GPL2 License Contributor Covenant Build Status Coverage Status Documentation Status Packaging status OpenHub

Natron is a free, open-source (GPLv2 license) video compositor, similar in functionality to Adobe After Effects, Foundry's Nuke, or Blackmagic Fusion. It is portable and cross-platform (GNU/Linux, macOS, and Microsoft Windows).

Help wanted

Natron is looking for developers and maintainers! You can help develop and maintain Natron if you have the following skills:

For more information, see the "Contributing" section below.

If you are willing to help, please contact the development team on the pixls.us Natron forum.

Features

  • 32-bit floating-point linear color processing pipeline.

  • Color management handled by OpenColorIO.

  • Dozens of video and image formats supported such as: H264, DNxHR, EXR, DPX, TIFF, JPG, PNG through OpenImageIO and FFmpeg.

  • Support for many free, open-source, and commercial OpenFX plugins—currently almost all features of OpenFX v1.4 are supported. Those marked with (+) are included in the binary releases.

  • Intuitive user interface: Natron aims not to break habits by providing an intuitive and familiar user interface. It is possible to customize and separate the graphical user interface on any number of screens. You can re-use your layouts and share your layout files (.nl).

  • Performance: In Natron, anything you do produces real-time feedback in the viewer thanks to the optimized multi-threaded rendering pipeline and support for proxy rendering (computing at a lower resolution to speed up rendering).

  • Multi-task: Natron can render multiple graphs at the same time. It can also be used as a background process in headless mode.

  • Recover easily from bugs: Natron's auto-save system detects inactivity and saves your work for yourself. Natron is also able to render frames in a separate process, meaning that any crash in the main application would not crash the ongoing render (and the other way around).

  • Project files saved in XML and easily editable by humans.

  • Fast & interactive viewer - Smooth & accurate zooming/panning even for very large image sizes (tested on 27k x 30k images).

  • Real-time playback: Natron offers real-time playback with excellent performance thanks to its RAM/Disk cache. Once a frame is rendered it can be reproduced instantly afterward, even for large image sizes.

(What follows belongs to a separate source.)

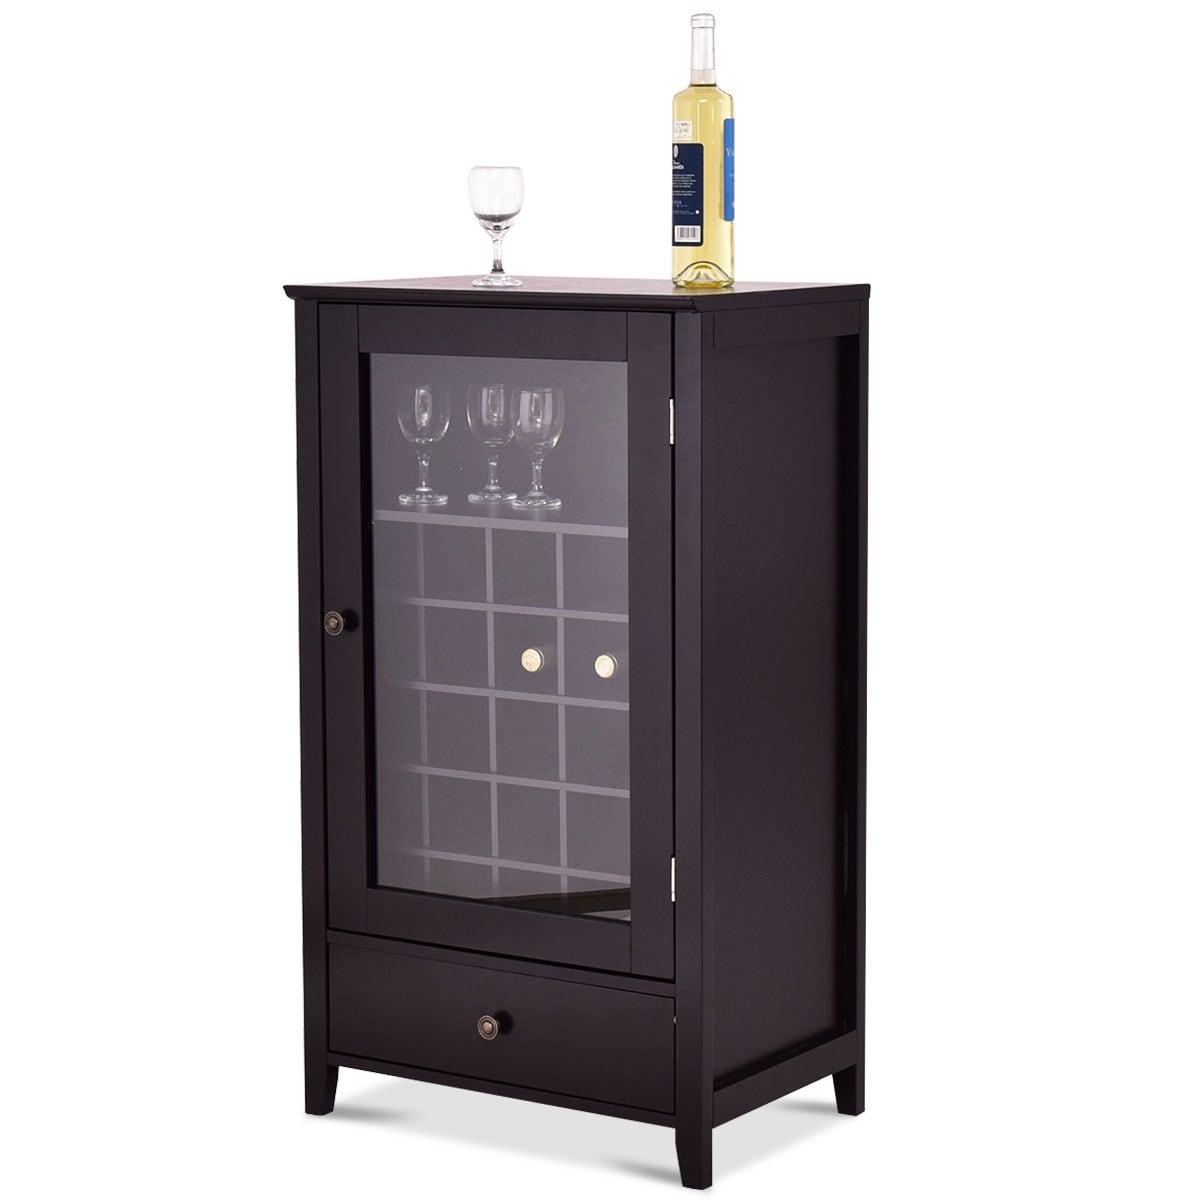 Buy Modern U0026 Contemporary Wine Racks Online At Overstock   Our Best Kitchen  Storage Deals

  • Animate your visual effects: Natron offers a simple and efficient way to deal with keyframes with a very accurate and intuitive Curve Editor as well as a Dope Sheet to quickly edit your motion graphics.

  • Command-line rendering: Natron is capable of running without a GUI for batch rendering with scripts or on a render farm.

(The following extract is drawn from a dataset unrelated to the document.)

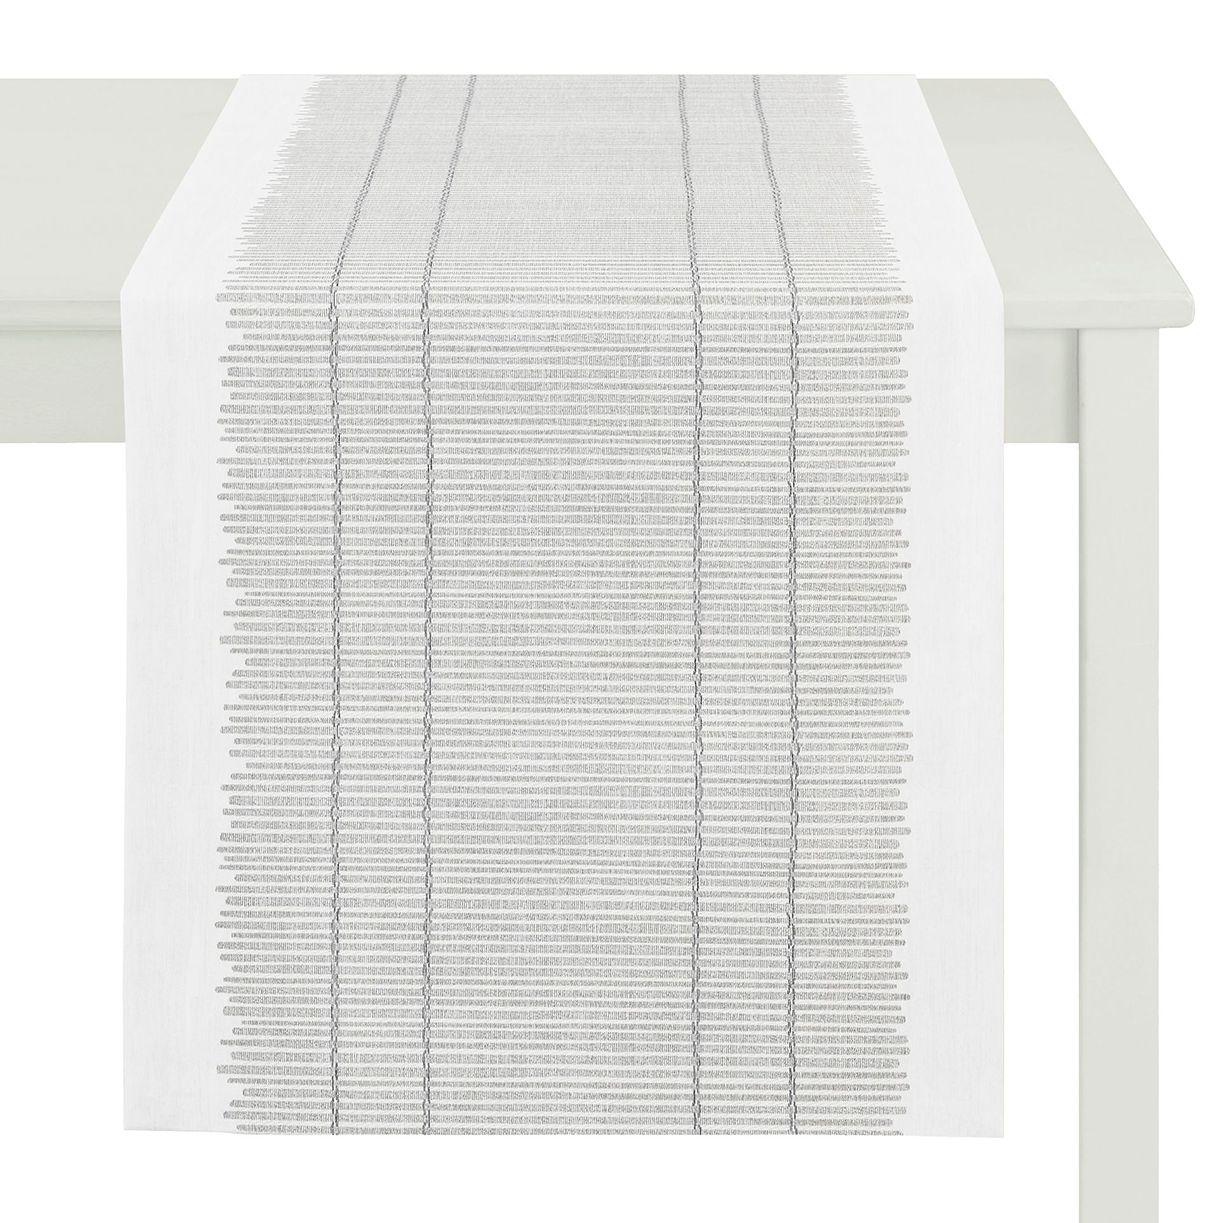 Apelt Tischl Ufer Deda Weiss Webstoff Modern 48x140 Cm Bxt In 2021 Moderne Tischdecken Tischlaufer Modern Tischlaufer Grun

  • Rotoscoping, rotopainting, and tracking support

  • Multi-view workflow: Natron saves time by keeping all the views in the same stream. You can separate the views at any time with the OneView node.

  • Python scripting integration:

    • Parameters expressions
    • User-defined parameters
    • Nodes groups as Python scripts
    • Script editor to control the application overall
    • User-defined python callbacks to respond to particular checkpoints of the internals of the software (change of a parameter, before rendering a frame, etc…)
    • Integration of Pyside to the GUI so that the interface is extensible with new menus and windows

  • Multi-channel compositing: Natron can manipulate multi-layered EXR files thanks to OpenImageIO. Users can choose to work with any layer or channel on any node, new custom layers can also be created.

Requirements

A machine running one of the supported operating systems (GNU/Linux, macOS, Microsoft Windows), and a 32-bits x86 or 64-bits x86-64 processor.

An OpenGL 2.0 compatible graphics card is needed to run Natron (2.1+) with hardware-accelerated rendering. Other graphics cards work with software-only rendering (see below).

The following graphics cards are supported for hardware-accelerated rendering:

  • Intel GMA 3150 (Linux-only)
  • Intel GMA X3xxx (Linux-only)
  • Intel GMA X4xxx (Windows 7 & Linux)
  • Intel HD (Ironlake) (Windows 7 & Linux)
  • Intel HD 2000/3000 (Sandy Bridge) (Windows 7/Linux/Mac)
  • Intel HD 4000 and greater (All platforms)
  • Nvidia GeForce 6 series and greater
  • Nvidia Quadro FX and greater
  • Nvidia Quadro NVS 285 and greater
  • ATI/AMD Radeon R300 and greater
  • ATI/AMD FireGL T2-64 and greater (FirePro)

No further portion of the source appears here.